The difference is that I don't actually stream myself as I'm doing this: I talk the same way a streamer would talk, but the walls of my home office are the only audience. I actually kind of "learned" this approach from watching Magic: The Gathering Youtubers and streamers, who do the "thinking out loud" approach as a way of teaching strategy, but one of the lessons I picked up is that in the process of thinking out loud, these players sometimes seem to talk themselves out of making inadvisable plays, so I decided to try it for myself, minus the audience, and found that it often caused me to play better and learn better. (Of course, this "skill" doesn't really translate over quite as well to tournament Magic when you're sitting across a table from your opponent, but playing better in online practice often translates into playing better in a tournament setting.)

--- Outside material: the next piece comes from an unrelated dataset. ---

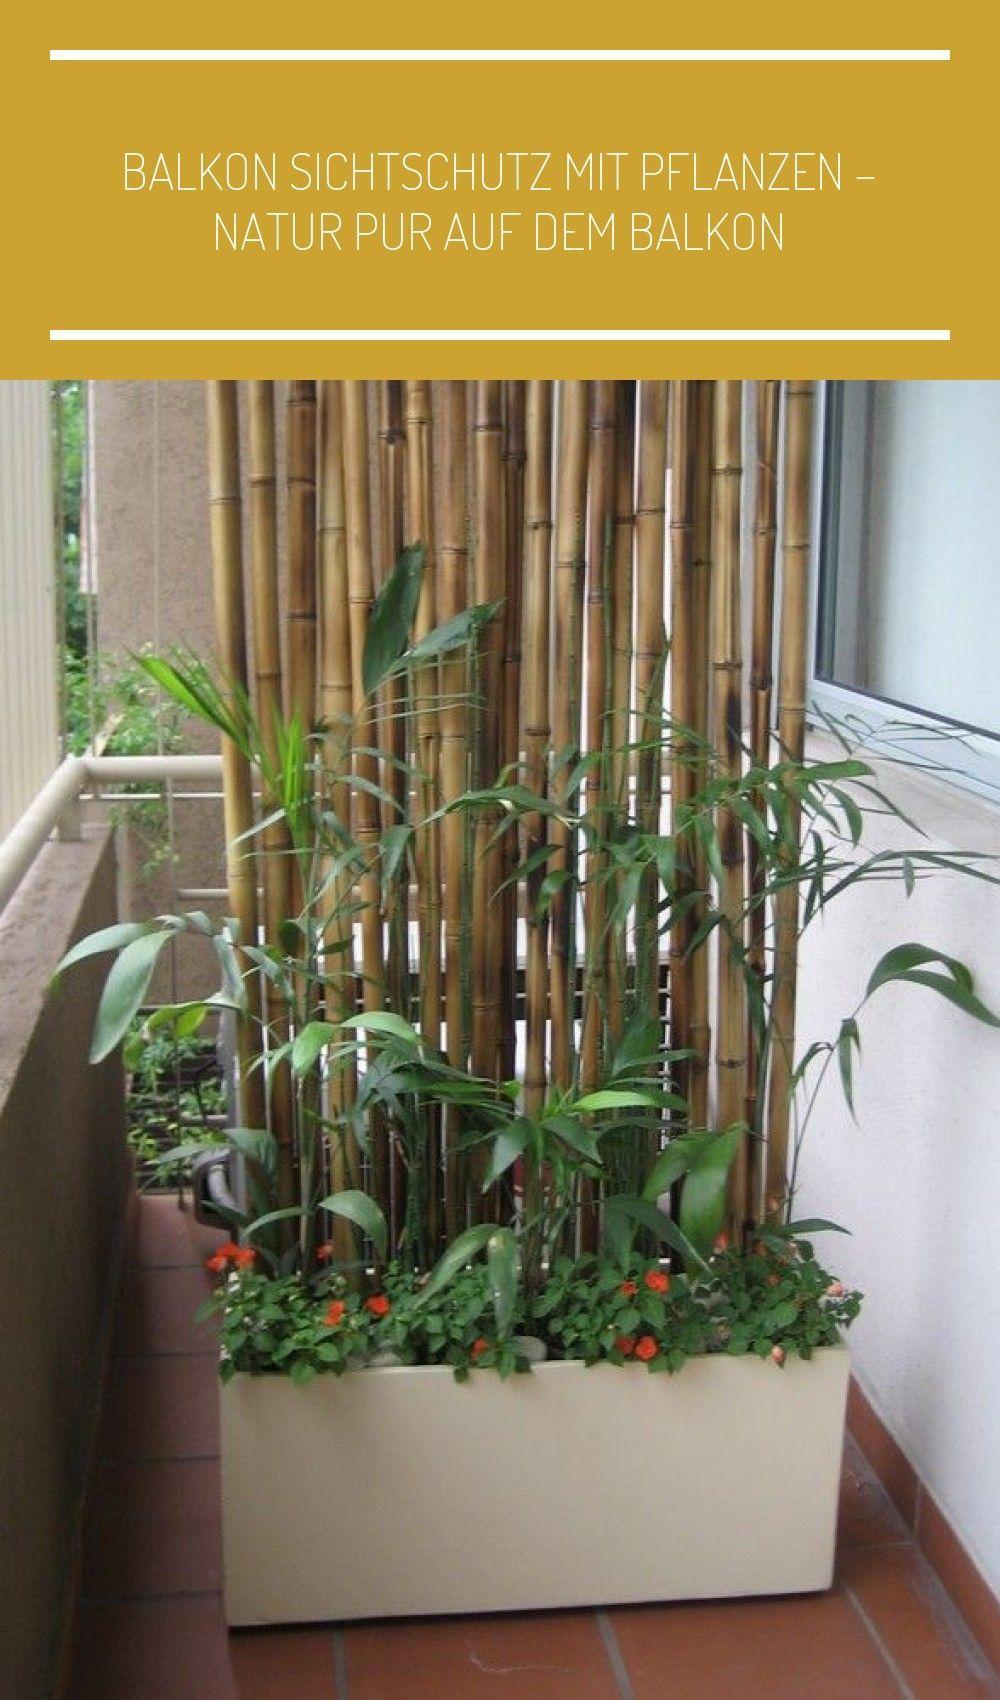 Balkon Sichtschutz Pflanzen Pflanzkuebel Bambusstangen Wand

Third-hand story: friend of friend has a nephew who spends a lot of time playing Minecraft (grade school age), and as he explores the world, he narrates everything he does in a calm British accent. It's kind of surreal that this genre of Youtube videos (Mincraft Let's Plays by Englishmen speaking with a David Attenborough-like cadence) has taught a generation of kids that this is how people play Minecraft. It reminds me a bit of kids I've seen in youth sports leagues who sometimes make a big show of stomping off in a huff or yelling a soft expletive like "Darn!" when something doesn't go their way, not because they're actually frustrated or invested in the outcome of the game, but because they're mimicking the kind of behavior they've seen from professional athletes on TV. (That's not to say that there aren't kids who get genuinely frustrated during these games, but the more time I spend observing kids in "organized recreation," the more I come to realize just how much of their behavior is performative.)